第86章 439个人,就是439个家庭,是等着上学的孩子,是在医院里的老人

  顾西穗最喜欢的一个包其实是个三十块钱的帆布袋子,正面写着:今天很愉快,决定去爱,去劳动;反面则写着:很累,不想爱,也不想劳动了。

  来自托尔斯泰的名言。

  那天她就是拎着这个帆布袋子去上班的,愉快地托着腮,摸着鱼,谁知道齐明辉却突然出现了,他敲了敲她的桌子说:“你跟我去建筑公司开会。”

  顾西穗一秒恢复平静,问:“广州还是深圳?”

  太初的建筑顾问公司在深圳,就两个小时的车程,但两座城市的人都在担心在客场被隔离,一个比一个紧张。

  “广州。”

  “几点?我要先去空中花园一趟。”

  齐明辉突然来了兴致,问:“你去那边干嘛?皮皮呢?”

  “就是因为皮皮才要去的。”

  顾西穗叹了口气,如今全公司都知道她跟皮皮不合了,皮皮想做的所有方案都几乎都被顾西穗或周扬否掉了,原因五花八门,但归根结底,还是因为广州和成都不一样,广州已经务实到了跟浪漫绝缘的地步了,越是有创意的策划,越是落不了地。

  而越是这样的时候,皮皮却越急于证明自己,导致整个运营部都在崩溃。

  “你能跟皮皮聊一下吗?”顾西穗说:“我觉得她现在有些急躁,再这样下去倒霉的是她自己。”

  “我又不是她的上司,轮不着我管。”齐明辉耸了耸肩,一副事不关己的模样。

  两个人快步从西塔到空中花园,看着某间装修得创意十足的快闪店——它有着标准的皮皮风格,Y2K、荧光色,非常大胆、漂亮。

  可是,也非常非常突兀。
  齐明辉看了一眼就明白顾西穗在说什么了,叹口气道:“我去找她聊聊好了。”

  然后又说:“你最近是遇到了什么好事情吗?今天好像特别漂亮。”

  “我真的会投诉你性骚扰的。”

  顾西穗兀自往前走着,进入太初的三楼。之前在上海谈下来的运动品牌已经正式进入了太初,她需要亲自看一眼陈列,确保能引起顾客的兴趣。

  “所以私底下平价女性的长相也不礼貌,夸漂亮也不礼貌,那到底应该说什么?”

  “学会闭嘴很难吗?”

  研究了一会儿三楼的布置,顾西穗又面无表情地上了下行扶手电梯,齐明辉还是笑嘻嘻地跟在她旁边,说:“那今天跟建筑公司的会议你肯定很喜欢,来开会的是当初参与过广州大剧院项目的女建筑师。

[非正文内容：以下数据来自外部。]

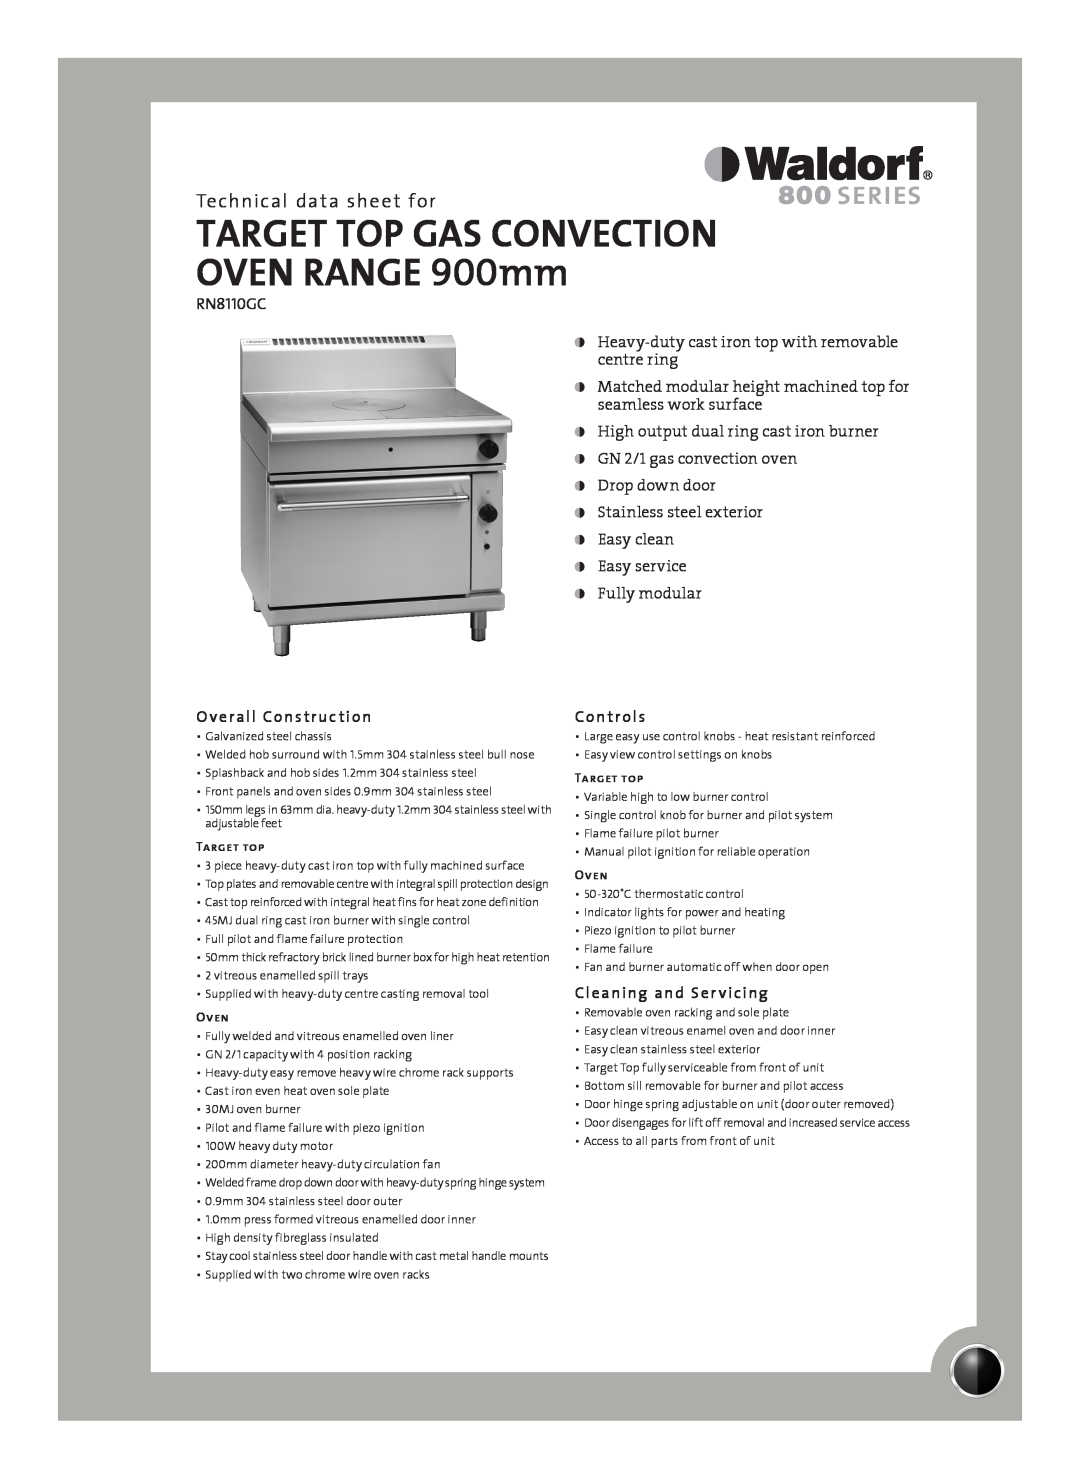 Moffat RN8110GC manual Technical data sheet for, Overall Construction, Controls, Cleaning and Ser vicing, Target top, Oven

”

  顾西穗扬了扬眉——众所周知,广州大剧院是由女性设计师设计的,是第一位普利兹克奖女性获得者扎哈·哈迪德的作品,顾西穗非常喜欢她。

  她顿时对下午的会议产生了期待。

  “我可是为了你特意申请的女性建筑师……”

  顾西穗翻了个白眼,别开头,朝下面扫了一眼,却又顿住。

  他看到权西森正在夹层的咖啡馆,悠然地望着他。

  这让她想起他们第二次还是第三次相见的场景,当时他也是坐在那里,她在楼下,抬头看向他;现在她却在上面,需要他抬起头来。

  她忍不住就笑了。

  他扫了顾西穗旁边的齐明辉一眼:齐明辉西装革履地站在顾西穗旁边,完全是讨好的模样,注意力全都在顾西穗身上,顾西穗则是一脸的不耐烦——

  权西森的目光甚至没在他身上停留一秒,就笑了。

  顾西穗则在心里啧了一声,好家伙,你还真是一点都不在意啊?也太傲慢了吧?

  他则晃了晃手里的一个小盒子,放在桌上,之后站起来离开。

  齐明辉也正往下望着,问:“男朋友?”

  “不关你事。”

  顾西穗下楼,径自走到刚才那张桌子上,拿起上面的盒子,打开,是她情人节时说过的,想要的那种带点初恋感觉的银质项链,细链条,坠着一个小圆片。

  顾西穗情不自禁笑了起来。

  “诶?你什么时候下来的?小圆豆呢?”Candy见到顾西穗就走了过来说:“我还以为他要等你一个下午呢,没想到你这么快就来了。”

  顾西穗则皱眉问:“小圆豆是什么鬼?”

  “他有一天说我长得很像平豆,我就说他是小圆豆。”Candy不服气地撇了撇嘴,说:“你管管他!不许叫我平豆!”

  “……是……咖啡豆吗?”

  “对啊。”

  “我听不懂,也不想管,你们俩的事你们俩自己解决。”

  顾西穗无语地摇着头,他们俩的脑子到底是有什么毛病?是怎么找到咖啡豆当喻体的?

  她只是愉悦地拿着盒子离开,并吹了声口哨。

  那时候他们都不知道,像这样悠闲地坐在咖啡馆里等顾西穗出现,逐渐越来越少。

  四月结束后,他们就进入到了说不清谁比谁更忙的阶段了。

  五一假期之后,梦玲电器宣布裁员30%,互联网上又是人心惶惶,然而梦玲的股价却涨了7%——

  顾西穗那个时候才知道资本的残酷,所有人都知道,削减成本能增加利润,至于那些失业的员工,谁在乎呢?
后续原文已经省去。